Two‐Dimensional Tellurene Transistors with Low Contact Resistance and Self‐Aligned Catalytic Thinning Process

Abstract Two‐dimensional (2D) tellurene (Te) has shown its great potential in nanoelectronics for its high carrier mobility and air stability. However, the high‐resistance electrical contact and relatively thick Te channel hinder its ultimate scaling and device performance. Here, the transport property of Te field‐effect transistors using platinum (Pt) contact with high work function is studied, which facilitates the effective hole injection in the p‐type Te channel.
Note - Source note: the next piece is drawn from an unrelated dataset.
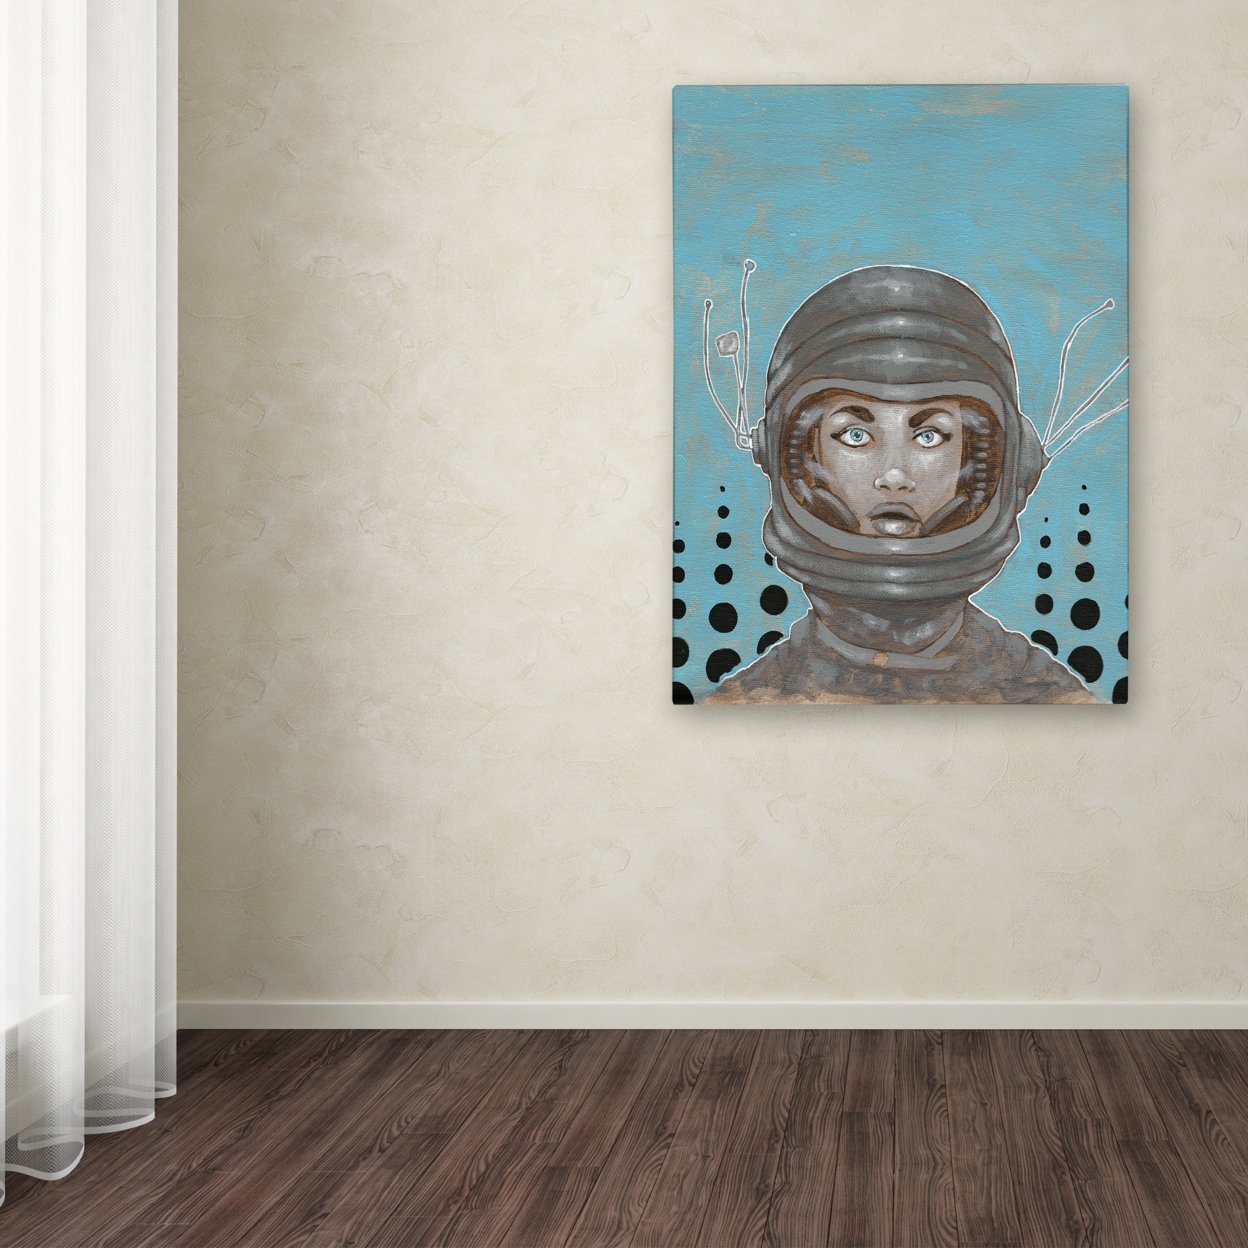 Craig Snodgrass 'Sally-Saturn' Canvas Wall Art 35 X 47 Inches

The electrical contact to Te using the Y‐function method (YFM) and the transmission line method (TLM) is investigated. The Te transistors with Pt contact show a low contact resistance of 400 Ωµm, a short transfer length of 80 nm, and low specific contact resistivity of 3.2 × 10 −7 Ωcm 2 , resulting from the low Schottky barrier height (SBH) of Pt/Te interface. The Pt electrode also can work as an efficient catalyst that allows reduction of the Te channel thickness with a controllable thinning process in water under white light illumination. This self‐aligned catalytic thinning process enables the construction of the transistors with a thin Te channel and thick Te contact with Pt metal electrodes, which provides a device configuration with both effective electrostatic control and low contact resistance.